How Realtors can better manage their personal and business finances

July 16, 2021

As a real estate agent, you don’t only help homebuyers and sellers with their property but also run a business. This includes marketing, consultations, and managing finances.

When you go from showing to showing and push yourself to reel in more leads, you can easily forget that one of the backbones of your business is the financials. If you don’t properly manage your finances as a realtor, it could result in unforeseen costs or other consequences that can hurt both your personal and business bottom lines.

In this article, we look at five areas to consider when contemplating the financial health of your personal and business life as a real estate agent.

Set your financial goals

Goals are essential to a successful real estate business, and the first step to managing your realtor financials is setting a financial goal.

This includes how much you want to earn in the next 12 months and, ultimately, how many deals will it take to hit that goal? From there, you can make more detailed plans, such as how many leads you need to generate to hit that many closed deals.
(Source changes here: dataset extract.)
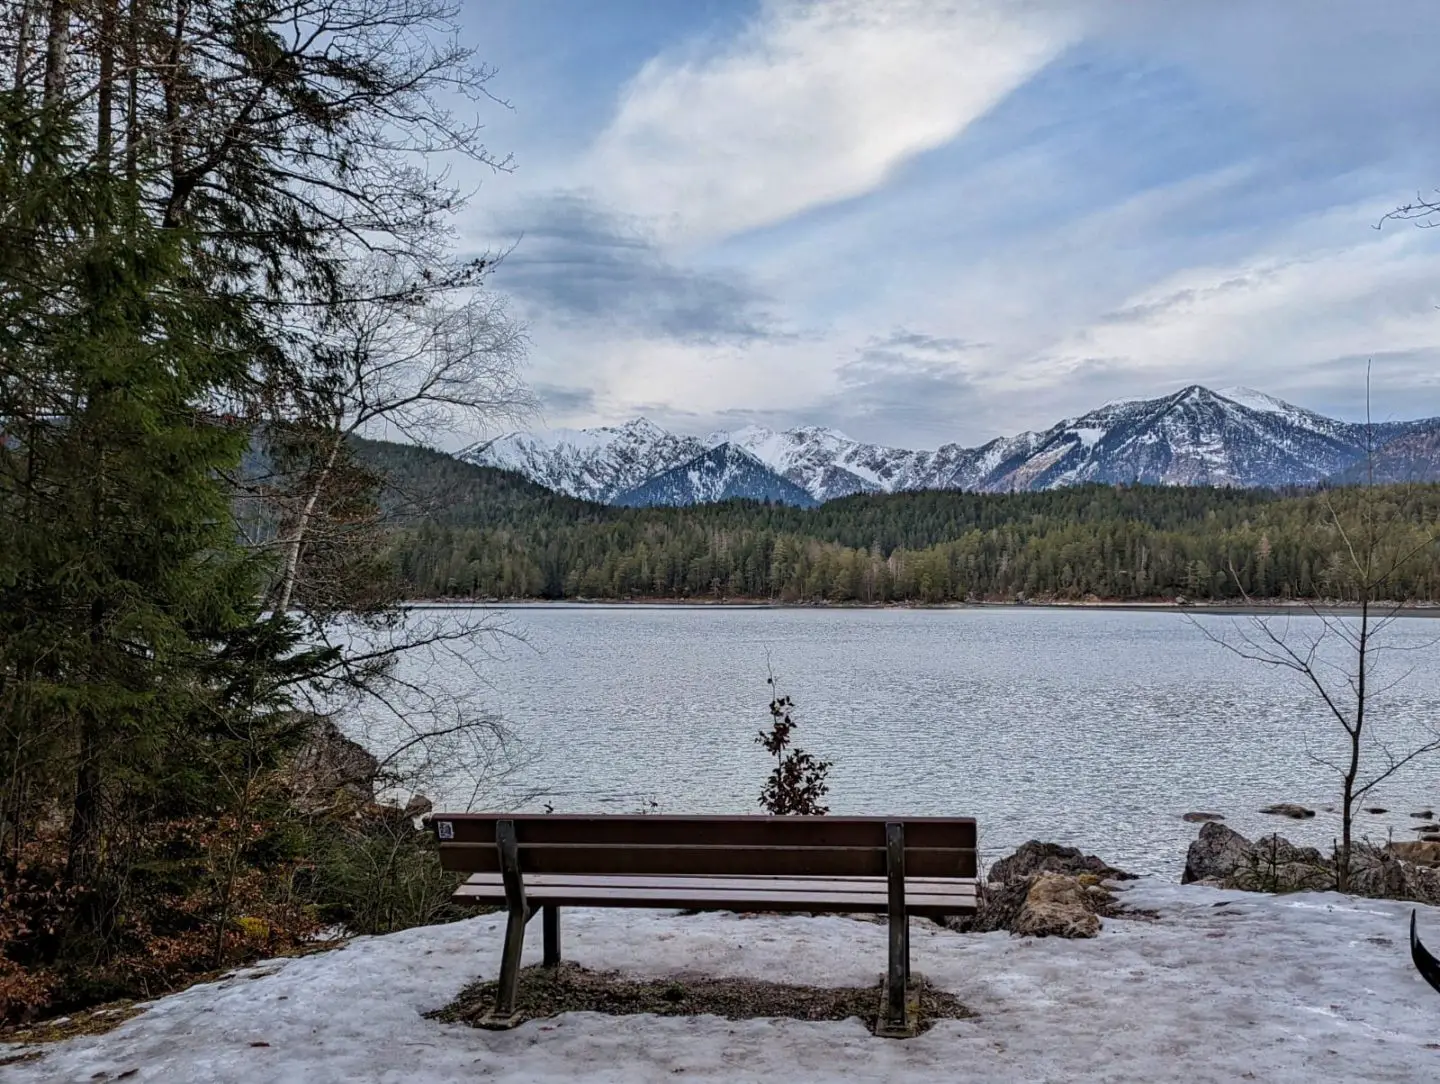 Munich to Eibsee: A Perfect Day Trip

You should further create goals on how much money you want to save and invest and whether you hope to derive income from other sources, such as property management or real estate investing. This lays the foundation for your budget later on.

Create an emergency fund

Some months, you may be out and about all day and complete administrative tasks late into the evening. Other months, you’re at home waiting for someone to call. Generally, how much you make is correlated to how busy you are as a real estate agent. And, it’s only natural that you’ll have up and down months.

To accommodate such a lifestyle, agents need to budget for good and bad seasons. Otherwise, you’re left feeling like a millionaire some months and eating rice and beans the next. Consider the beginning of COVID-19 when the real estate market came to a halt. It’s likely many real estate professionals dug into their emergency funds during that time.

Creating an emergency fund ultimately lets you balance out the highs and lows. An emergency fund is common so that employees have a safety net if they’re ever fired or let go from their role. It usually consists of three to six months’ worth of expenses in a liquid savings account (i.e., not invested in cryptocurrencies or tied up in a GIC). But realtors can benefit from a larger fund — effectively double or six to twelve months of expenses.

If you can’t make a mortgage payment or rent, you’ll have this emergency fund ready for at least half a year. This emergency fund should include the expenses you may have from your business, such as advertising and car costs, as well as your personal life. Once you return to a more robust month, you can replenish any savings you spent to prepare for the next possible dry spell.

Separate your business bank account and budget from your personal life

Although it’s tempting to simplify your life and use one bank account and budget for everything, it’s not a best practice. Things can get tangled and confused with money coming in and out. And if you haven’t adequately recorded your business income and expenses, it can get tough to fish them out for tax season.

This is why you should have a separate bank account and budget for your personal and business life. Once you receive a commission cheque, it should first go into your business account, and then you can pay yourself by transferring what you need to your personal account — after taking taxes and expenses into account, of course.

Keeping these two books separate has other benefits. It allows you to track your business and personal expenses and understand where your money is going. Things such as coffees on-the-go or gas can quickly add up, and realizing you can cut out certain things can mean more money in your wallet.

Apps such as Mint or Mvelopes are great ways to track your personal spending, while software such as FreshBooks or QuickBooks can track your business income and expenses, prepare your invoices, and ready you for tax season.

Understand your taxes

While it may seem cost-efficient to do your taxes yourself and opt out of paying an accountant, an accountant better understands what you can and cannot expense. Commonly, paying an accountant to file your returns can create a strong return on investment via a tax refund.

Self-incorporation can also have numerous tax benefits. It allows you to keep profits in your corporation, so you can defer partial tax payments until you’re in a year where your tax bracket is lower. You can even take the money out once you retire, as you likely won’t have other income to drive up your tax bracket during this time. However, rules regarding real estate corporations vary from province to province, and it’s best to speak to your lawyer or accountant to understand more.

Planning for retirement

As mentioned in the last section, self-incorporation can be a great retirement tool. A professional incorporation allows you to keep money in the business, and you can then withdraw this money when you retire or wind down your real estate practice.

The Canadian government also provides the Tax-Free Savings Account (TFSA) and Registered Retirement Savings Plans (RRSP) as ways to save for retirement. These vehicles let you grow your money tax-free, so you aren’t stuck paying a hefty capital gains tax bill. You can further deduct any contributions to your RRSP from your income. As a realtor, you need to understand your personal and business finances. They’re effectively the backbone of your career and personal life. As a self-employed individual with inconsistent month-to-month revenues, these tips can hopefully help you plan for the worst and ensure you make the most of your profits.